Le Tribunal judiciaire d’Amiens, dans un jugement du 20 janvier 2026, a été saisi d’une contestation de mesures imposées par la commission de surendettement. Un couple de débiteurs contestait la capacité de remboursement retenue, estimée trop élevée après la baisse de leurs ressources. La question centrale était de savoir si le juge devait maintenir le rééchelonnement ou adapter les mesures à la précarité de leur situation financière. La solution retenue est la suspension de l’exigibilité des dettes pour une durée de vingt-quatre mois.
La recevabilité de la contestation est d’abord confirmée par le juge. Il rappelle que le recours doit être formé dans les trente jours suivant la notification des mesures imposées. En l’espèce, les débiteurs ont agi avant le 17 septembre 2025 pour une notification reçue le 4 septembre 2025. Leur action est donc déclarée recevable.
Sur le fond, le tribunal apprécie la situation au jour où il statue. Il constate que la bonne foi des débiteurs n’est pas remise en cause et qu’ils sont recevables à la procédure. La capacité de remboursement est calculée par référence à la quotité saisissable du salaire, selon les articles L. 3252-2 et L. 3252-3 du code du travail.

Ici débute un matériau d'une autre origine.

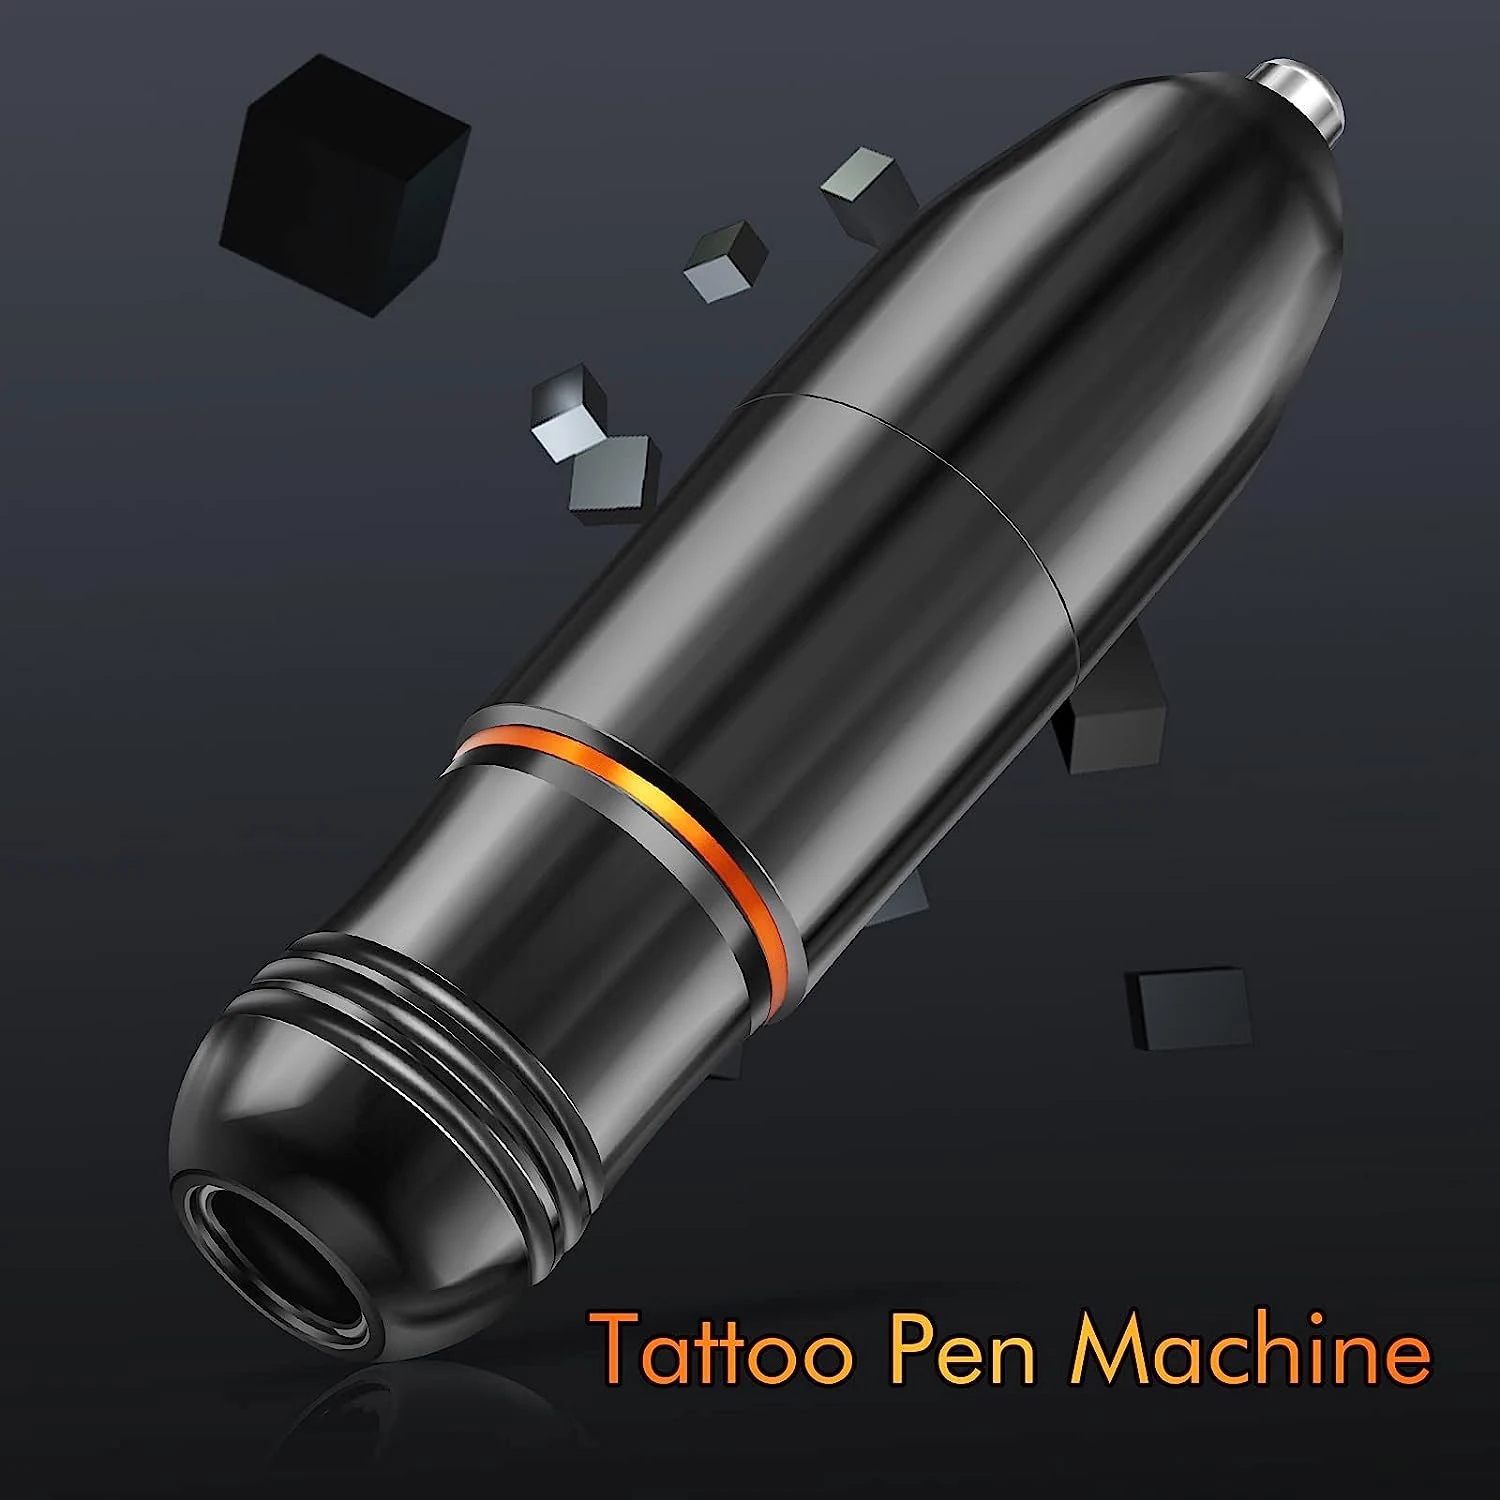 3PC Tattoo Mach ine Kit for Beginners Professional Tattoo Gun Kit with  Everything 30PC Tattoo Need les 5RL 5M1 Complete Tattoo Supply Kit 20PC  Tattoo

Le juge examine ensuite les ressources et charges du couple. Il relève que les revenus ont chuté après la fin de l’indemnisation chômage du mari, passant de 1 806 euros à 579,90 euros. L’épouse perçoit un salaire précaire dans le cadre d’un contrat à durée déterminée qui s’achève le 31 décembre 2025.
Le tribunal estime que la situation ne permet pas de dégager une capacité de remboursement tenable même à court terme. Il souligne que le passif total s’élève à 26 079,95 euros, tandis que les charges mensuelles, incluant le loyer, atteignent 1 613,74 euros.
Cependant, le juge considère que la situation n’est pas irrémédiablement compromise, car le mari a eu une activité professionnelle régulière par le passé. Il en déduit qu’aucun obstacle ne s’oppose à la reprise d’un emploi. Il ordonne donc une suspension des obligations de paiement pour vingt-quatre mois.
Cette décision illustre la valeur d’une appréciation concrète de la capacité de remboursement au jour du jugement. Elle rappelle que le juge peut écarter le barème de la commission face à une précarité avérée. La portée de l’arrêt est d’offrir un répit temporaire aux débiteurs, sans effacement définitif de leurs dettes.
La solution impose aux débiteurs de ressaisir la commission au moins trois mois avant l’expiration du délai, en justifiant de leurs démarches actives de recherche d’emploi. Cette condition garantit un suivi de leur situation et évite une suspension purement passive. Le juge invite également les débiteurs à solliciter une mesure d’aide sociale pour la gestion de leur budget.
Fondements juridiques
Article L. 3252-2 du Code du travail En vigueur
Sous réserve des dispositions relatives aux pensions alimentaires prévues à l’article L. 3252-5, les sommes dues à titre de rémunération ne sont saisissables ou cessibles que dans des proportions et selon des seuils de rémunération affectés d’un correctif pour toute personne à charge, déterminés par décret en Conseil d’Etat.
Ce décret précise les conditions dans lesquelles ces seuils et correctifs sont révisés en fonction de l’évolution des circonstances économiques.
Article L. 3252-3 du Code du travail En vigueur
Pour la détermination de la fraction insaisissable, il est tenu compte du montant de la rémunération, de ses accessoires ainsi que de la valeur des avantages en nature, après déduction des cotisations et contributions sociales obligatoires et de la retenue à la source prévue à l’article 204 A du code général des impôts.
Il est en outre tenu compte d’une fraction insaisissable égale au montant forfaitaire mentionné à l’article L. 262-2 du code de l’action sociale et des familles applicable à un foyer composé d’une seule personne.
Il n’est pas tenu compte des indemnités insaisissables, des sommes allouées à titre de remboursement de frais exposés par le travailleur et des allocations ou indemnités pour charges de famille.